# Petsmart live plants (packets) thread



## stevenjohn21 (May 23, 2012)

I know its been a few months now since Petsmart have been selling live plants in those packets. I was wondering if anyone has had great success with the likes of HC (and others that i cant remember what they sell) 

Any pictures ? Before and afters would be great !


----------



## Mike1239 (May 20, 2012)

I haven't used them but look at them every time I go in and some if them look rough. I think if find out when they get new shipments in and get the freshest pack they will do as good as any plant you could buy elsewhere


----------



## CatB (Jan 29, 2012)

i split some bacopa and crypts from those packages with a friend, mine have been growing great! just get the best looking (greenest, tallest, good roots) packages you can...


----------



## stevenjohn21 (May 23, 2012)

I already bought some HC a few weeks ago but i thought it would be intresting to see who has done what with there purchase.


----------



## Monster Fish (Mar 15, 2011)

The only time I've seen those plant packets was when I went to the flagship Petco in Manhattan. The remaining living crypts were stuck in a solution that was part water gel, part melted crypts. Also, $7 for some half-dead crypts. Obviously I passed on them.

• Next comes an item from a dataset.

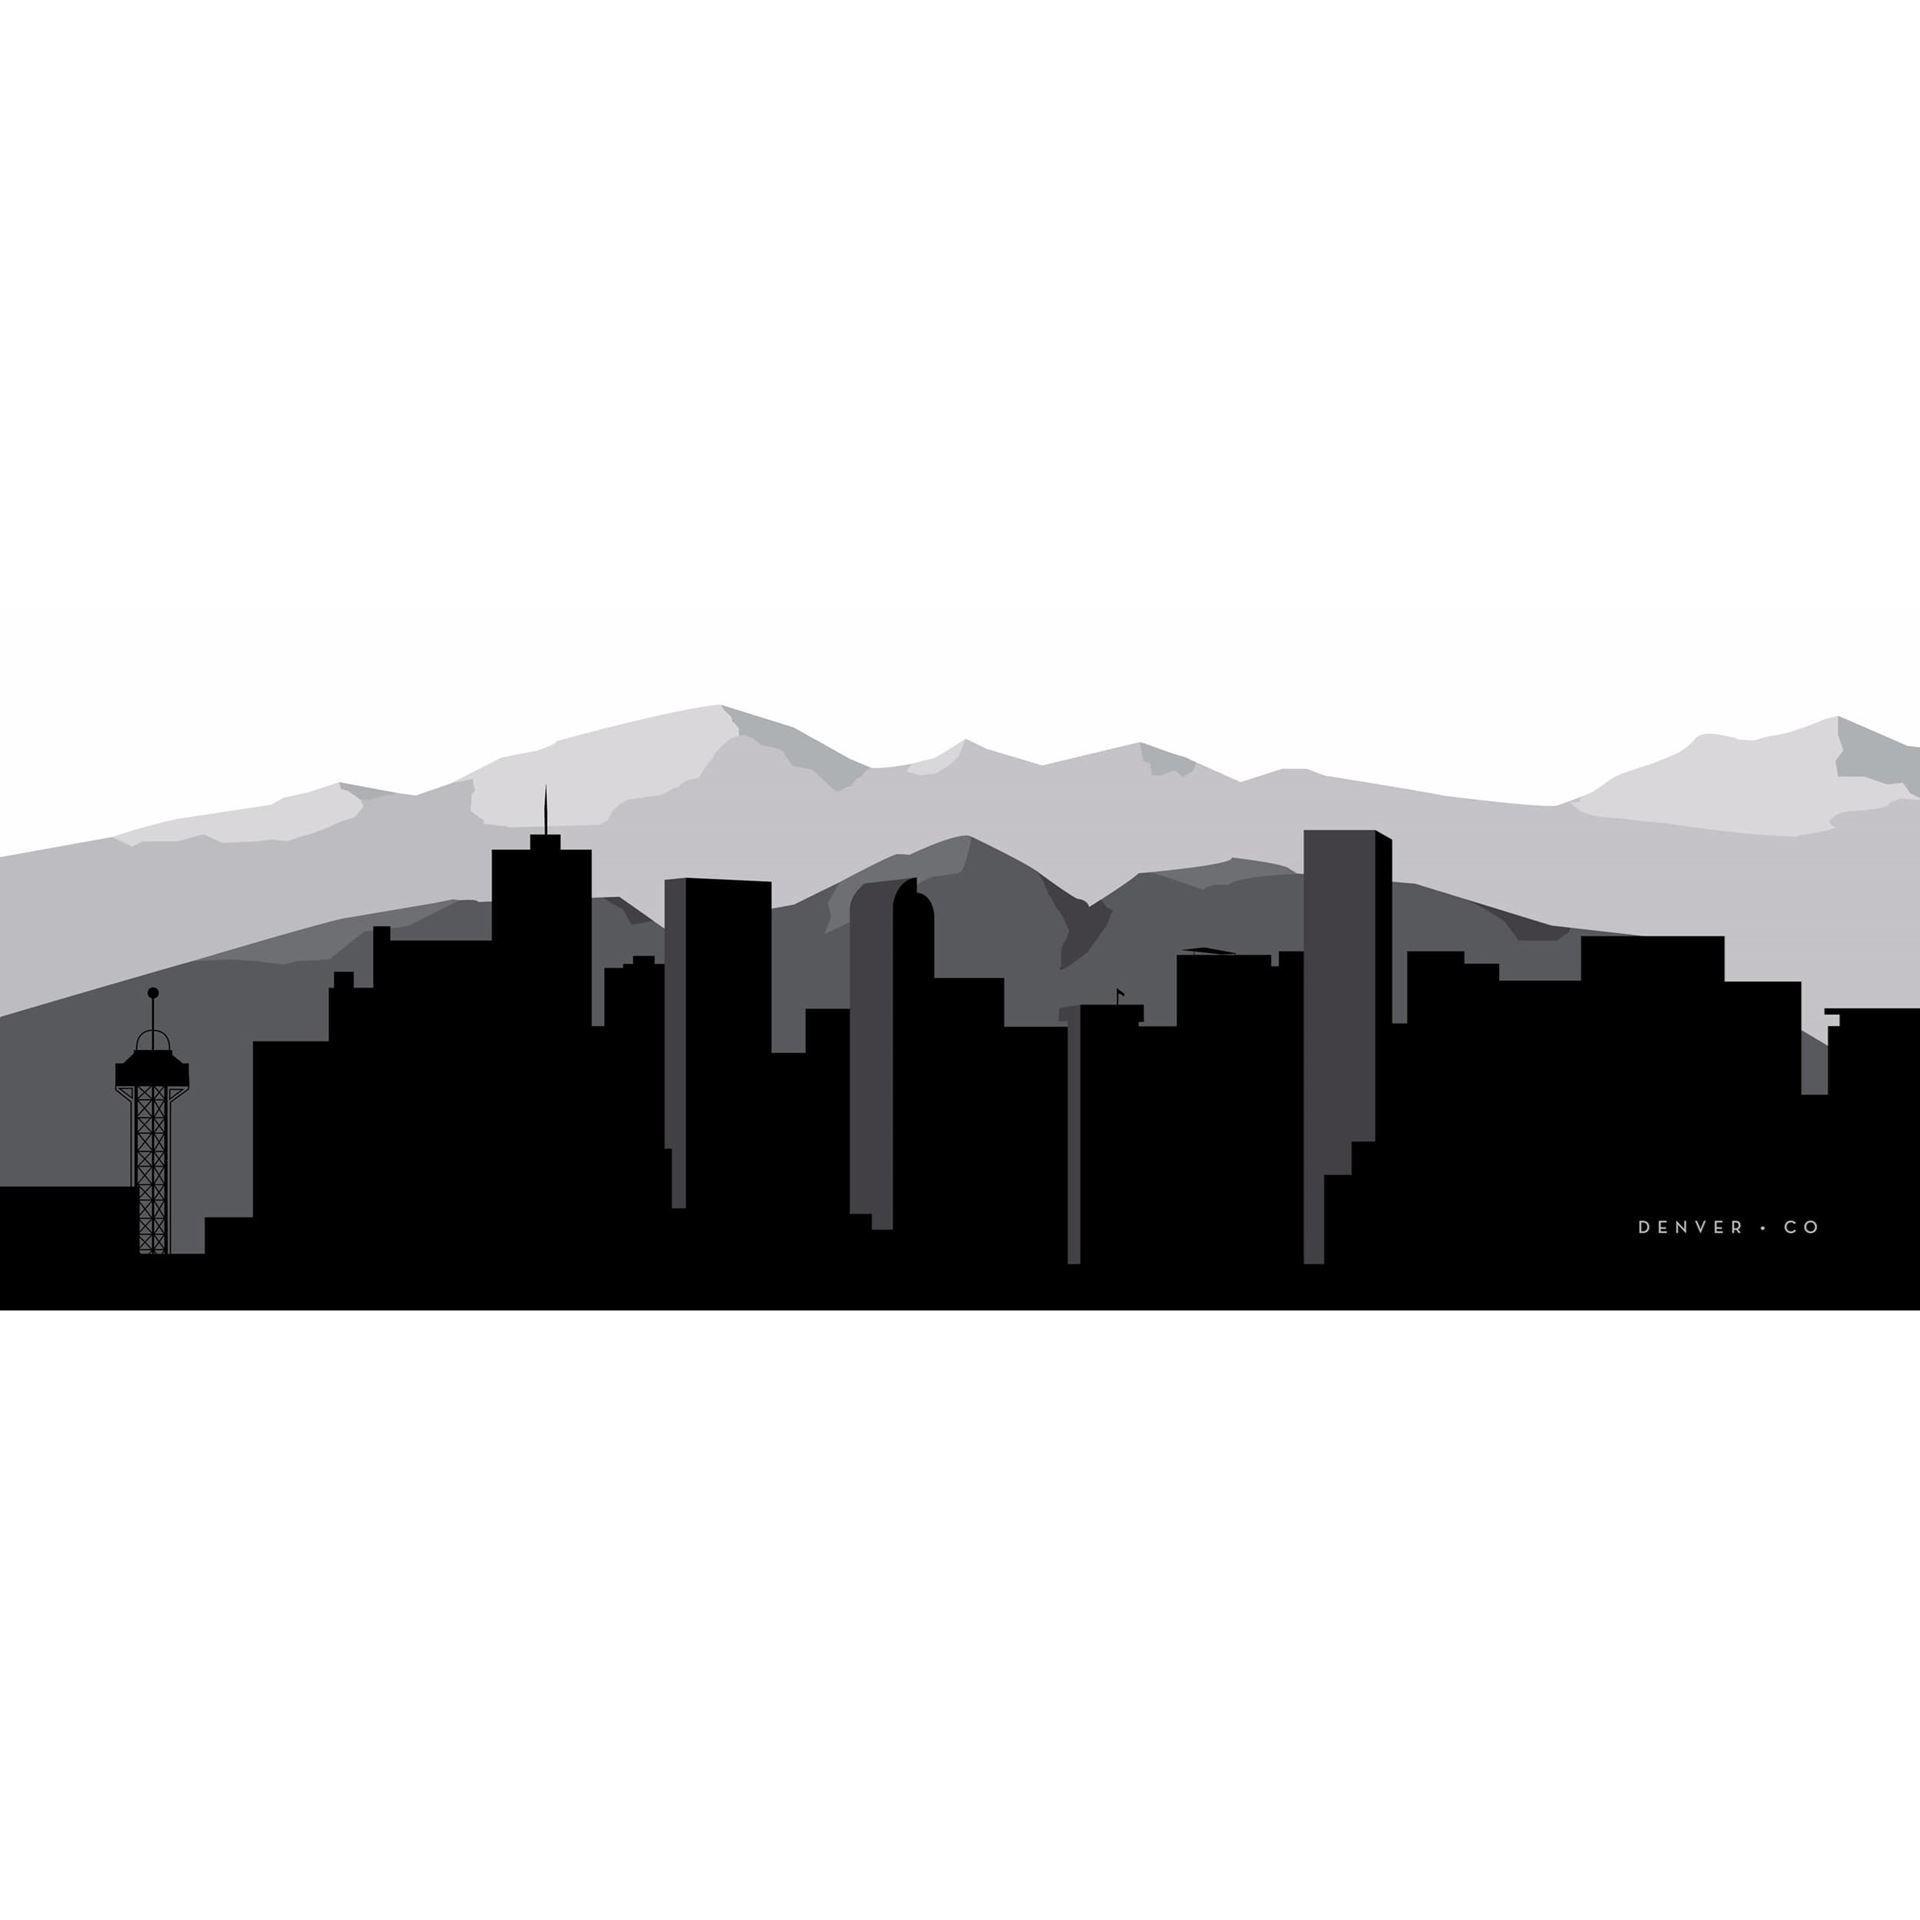 denver graphic skyline 60x20 125

Edit: Meh. Misread the title. I haven't seen those Petsmart packet plants around. The only ones I've seen were the assorted ones placed next to the snails in the plexiglass tanks.


----------



## Neatfish (Jun 22, 2012)

The bacopa I bought a while back has been growing good so far. I was looking around today and saw they had moss in little Betta cups now.


----------



## Andrew H (Nov 17, 2011)

My DHG is still healthy.


----------



## CatB (Jan 29, 2012)

it's a crappy picture, but you can see what's become of the bacopa and crypts in my tank... for some reason the plants on the left are less inclined to explode with new growth, i think it's because of the flow from the filter. 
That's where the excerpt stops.